Cox Communications has begun to phase in upgrades that double the downstream capabilities of two of its most popular high-speed Internet tiers.
Under the plan, the maximum downstream speed for its Preferred offering will increase from 25 Mbps to 50 Mbps, while its Premier tier will jump from 50 Mbps to 100 Mbps. Cox said more than 70% of its high-speed Internet customers take one of those two tiers.
A Cox spokeswoman said the following markets will see the speed increase this month: Omaha; Neb.; Sun Valley, Idaho; Kansas; Arkansas; Arizona; and Las Vegas. The MSO plans to introduce the upgrade across all markets by the end of 2014.
Cox announced the speed upgrade plan earlier this year while also announcing an initiative to offer 1 Gigabit per second speeds to all residential customers.
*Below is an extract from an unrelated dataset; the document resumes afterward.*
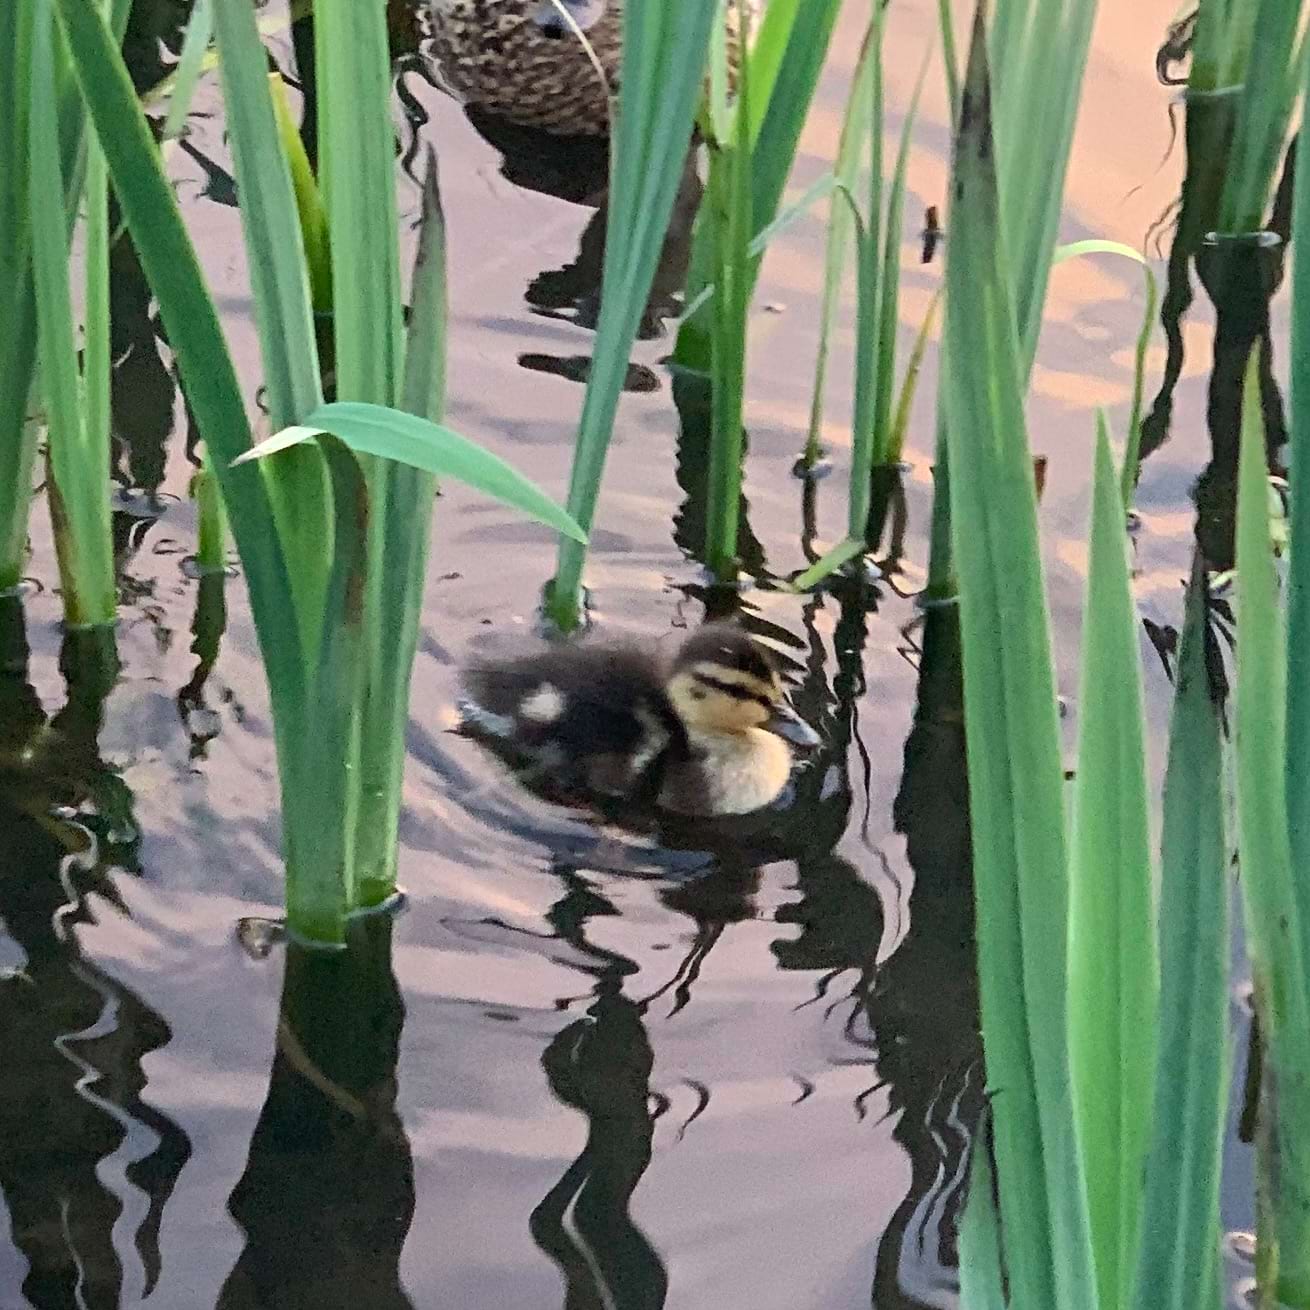 Mallard chick swimming amping reeds

In May, Cox announced a plan to “begin market-wide deployment of gigabit speeds by the end of 2016.” Before then, Cox has committed to bring 1-Gig speeds initially to new residential construction projects and to new and existing neighborhoods in Phoenix, Las Vegas and Omaha, starting in the fourth quarter of 2014.
Cox hasn’t revealed a technology roadmap for its 1-Gig plan, but “all options are on the table,” Philip Nutsugah, vice president of product management for Cox High Speed Internet, told Multichannel News in a recent interview (subscription required). “There are lots of ways to deliver gigabit speeds. We will have a lot of options available to us.”
The expectation is that it will use a mix of fiber to the premises (FTTP) technology and DOCSIS 3.1, an emerging CableLabs specification that is targeting multi-gigabit speeds. D3.1 technology isn't expected to be ready for widespread rollouts for a couple of years.
“When [DOCSIS 3.1] becomes available … we’ll take advantage of it, and it will become one of the arrows in our quiver to deliver gigabit to our customers,” Nutsugah said at the time.